Korg Announces Limited Edition Color Runs For MicroKorg Synthesizer, Krome Workstation

microkorg-gold

Korg has announced limited edition color runs for the MicroKorg synthesizer and Krome workstation.

Here are the details….

The MicroKorg synth/vocoder, which celebrated its 10th birthday in 2012, will be available in a limited-edition Gold finish with the original wood side panels. Quantity is limited to 2000 units world-wide, starting in December 2013.

korg-krome-colors

The 61-key Krome Music Workstation will be also be available in red, blue, and gold. Like the mainline Krome models, these editions offer a selection of piano and drum sounds derived from the flagship Kronos, as well as new electric pianos.

Pricing and Availability:

The Limited Edition MicroKorg can be found at Guitar Center locations in the U.S. in December 2013, for a U.S. Street price of $399.99. Limited edition Krome models in red and blue can be found in December at authorized Korg USA dealers – and gold models at U.S. Guitar Center locations – for $999.99.

18 thoughts on “Korg Announces Limited Edition Color Runs For MicroKorg Synthesizer, Krome Workstation

    1. I would totally go for a clear plexiglass synthesizer – I’ve wanted one ever since I saw the ads for the gleeman pentatophonic!

  1. why the hate? I mean, yeah I’d like to see an update to the microkorg in terms of control, integration, or synthesis, or MOD7 from kronos as a standalone synth….But krome colors are fun. Invisible=clear? That would be great, if there was anything worth seeing on the inside. MIght make more sense on the king korg

    Plus, krome means color, so by offering colors the k’s not just for cutesy matchy matchy effect. πŸ˜‰

    A lot of my synths are silver and blue, which I find more inspiring than straight black. ….If anyone has a blue k2000vp they want to trade for a black one get it touch!

    Or the brown dx7 is so great! I wish my sy77 was brown or green or white or anything else. I’d like to see more play with the materials synth bodies are made out of too. Why not a synth with padded tolex and integrated keyboard cover? I’d love to have a synth that you can drop and bang! I love how robust my doepfer monster base is.

    I wonder if they have a lot of gold left over from the king korg? hopefully that’s doing okay.

  2. I’ll take a blue one. Then I’ll remove the case, airbrush the FUTURAMA logo onto it and reassemble.
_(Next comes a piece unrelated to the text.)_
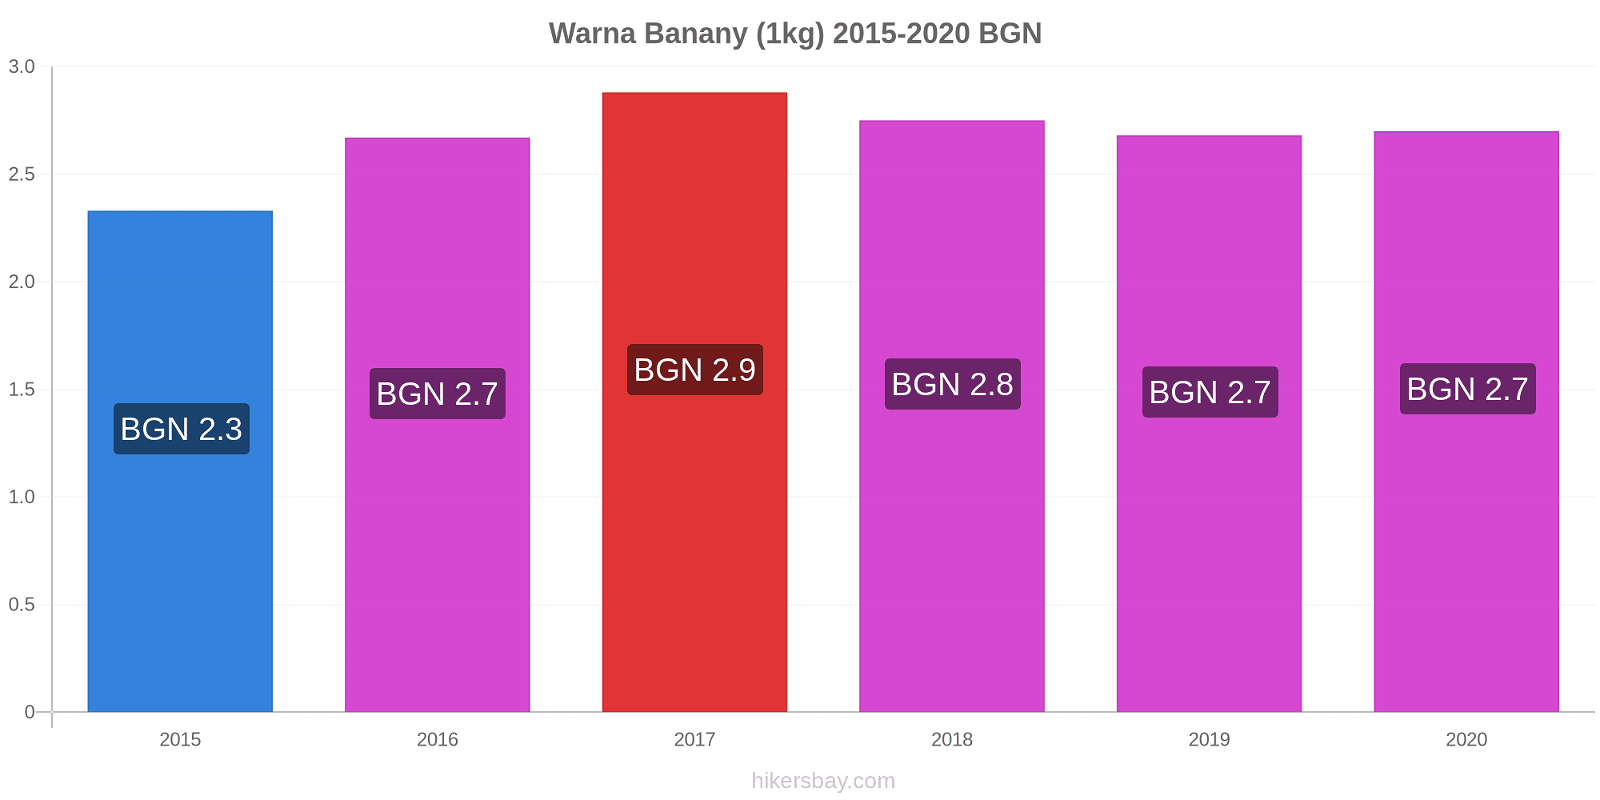 Warna zmiany cen Banany (1kg) hikersbay.com

Synthesizers and sci-fi go together like tequila and Astroglide.

    1. Bender would be a good synth name, I think. In reference to both futurama and tequila, πŸ˜‰

      DSI bender? Dave smith is seen enjoying a refreshing drink in the pro12 videos… πŸ™‚

      1. “Polyphonic analog…” Guys, you need to understand what you’re really asking with that. Polyphonic key assignment is a job for digital. Remember, that awesome Schmidt poly-modular is $30k. There’s no rationally-priced approach. Besides, you don’t NEED one, you just think you want one. “Polyphonic” seems to imply that you’d want to actually play the keyboard in an organ-like manner, but that defeats part of the point. Analog is mostly about tonal variety and richness, not polyphony, which can turn it into mud. The smart money for achieving that effect is to PROGRAM your way to those things and then run ’em through a MoogerFooger or the like for that last dollop of roughness. Even a modest workstation or a Nord Wave are great at sound-stacking. Don’t pine away over an improbable analog dream synth; look at the building blocks of what you like and recreate it by other means. You can easily get 95% of the way there.

  3. I love Korg synthesizers. I was genuinely ecstatic when Korg brought back the MS-20 in the form of the MS-20 Mini, but, in regards to this latest announcement, I cannot shake the feeling that this is a marketing ploy. If it isn’t a marketing ploy, do the different colors enhance the internal circuitry or sound of the instrument? I like the different color options, but I think there comes a point when you expect more out of the leaders of innovative musical products. Innovation should matter more than a new paint job on old hardware.

  4. The microkorg definitely loos cool. Reminds me of the 1970s Barbie Bus!

    Usually this number of rerelease s is in order to get sales of a particular synth to some record, so the business can claim “microkorg, best selling synth in history” in its annual report for shareholders.

    I don’t mind a moony doing his kind of thing, revitalising an old line for a new market – not us – if it keeps the company healthy enough o keep on producing new note resting things as Korg ave been doing, then more power to thm.

    Myself I’m just pleased that they recognise the resurgence of love for vintage synths, and that making your studio/ stage appearance look cool is an option at no extra cost.